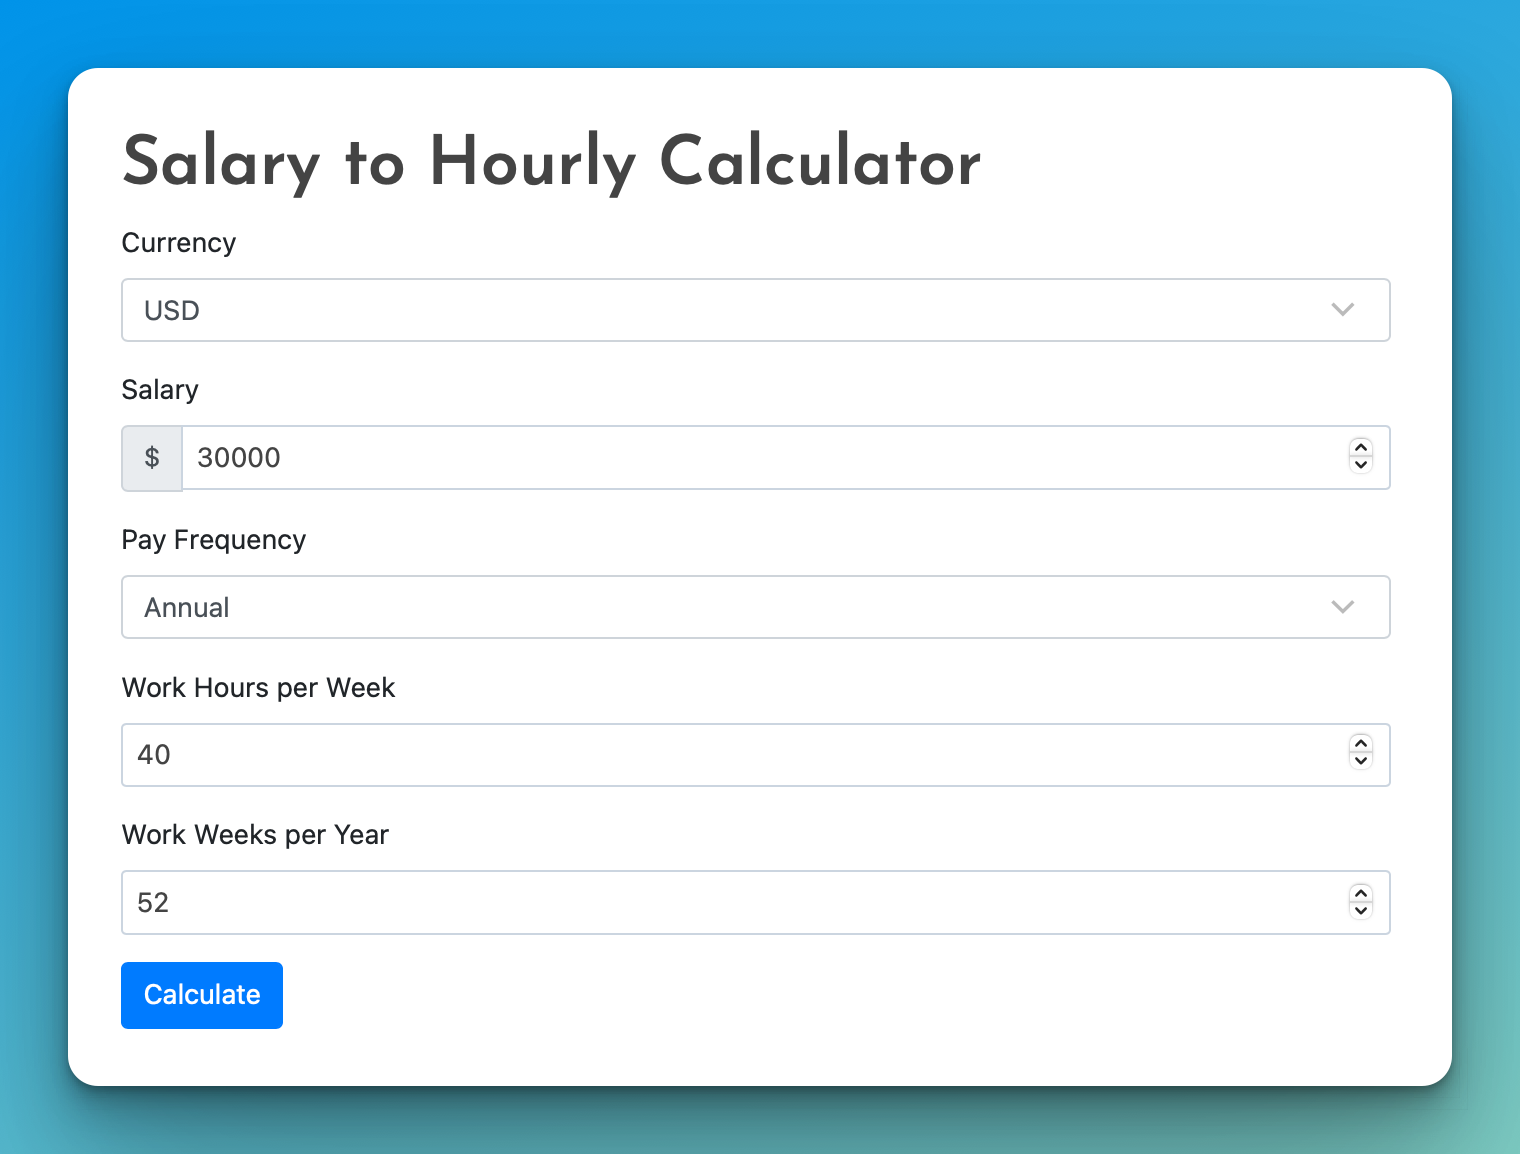 Salary to hourly calculator
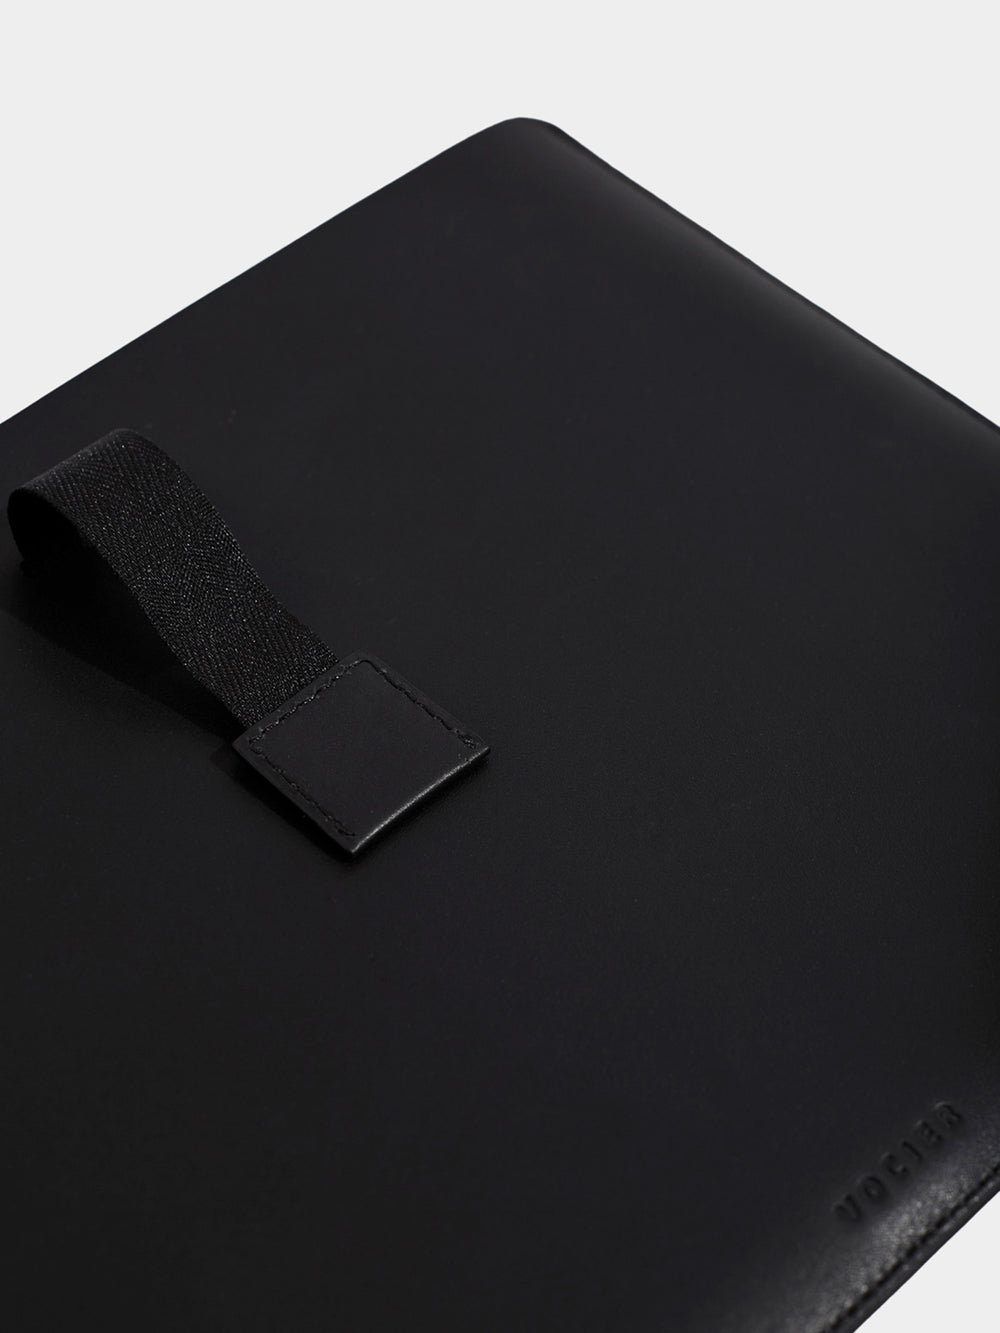 ipad cover small black leather schwarzes leder
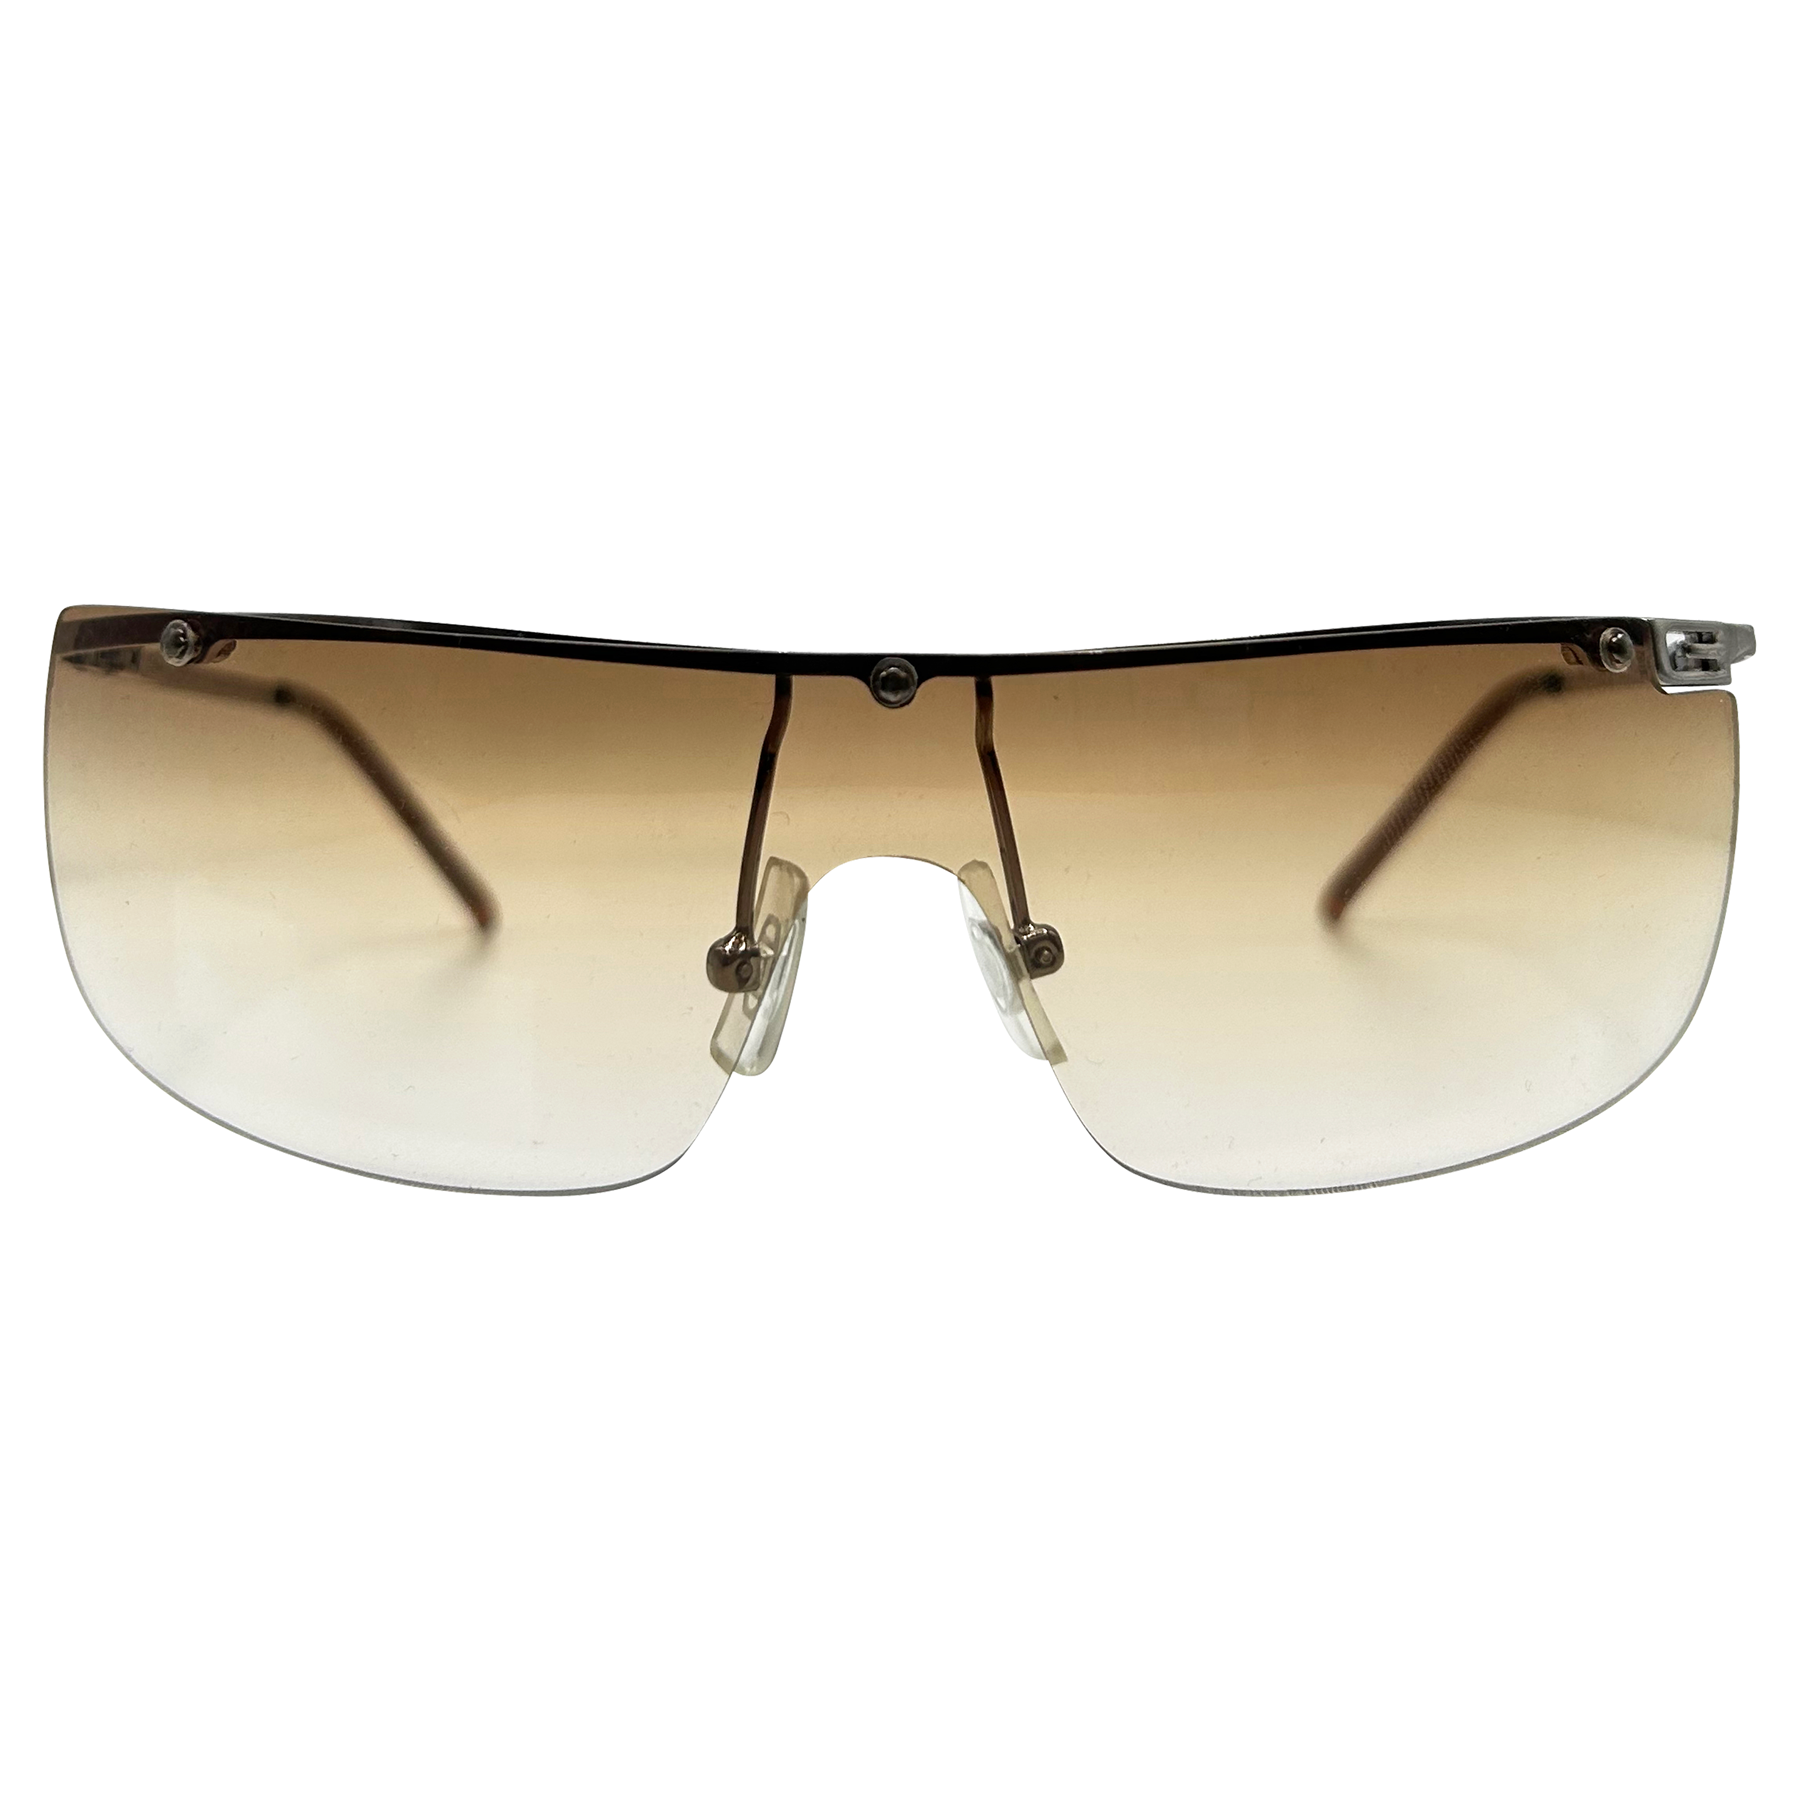 GiGi ALLEN Silver/Amber Y2k Rimless Sunglasses

§ **Action item**: An exact copy of the whole listing is required, minus the pictures.

§ **Output below**:
 Salary to hourly calculator
 ipad cover small black leather schwarzes leder
 GiGi ALLEN Silver/Amber Y2k Rimless Sunglasses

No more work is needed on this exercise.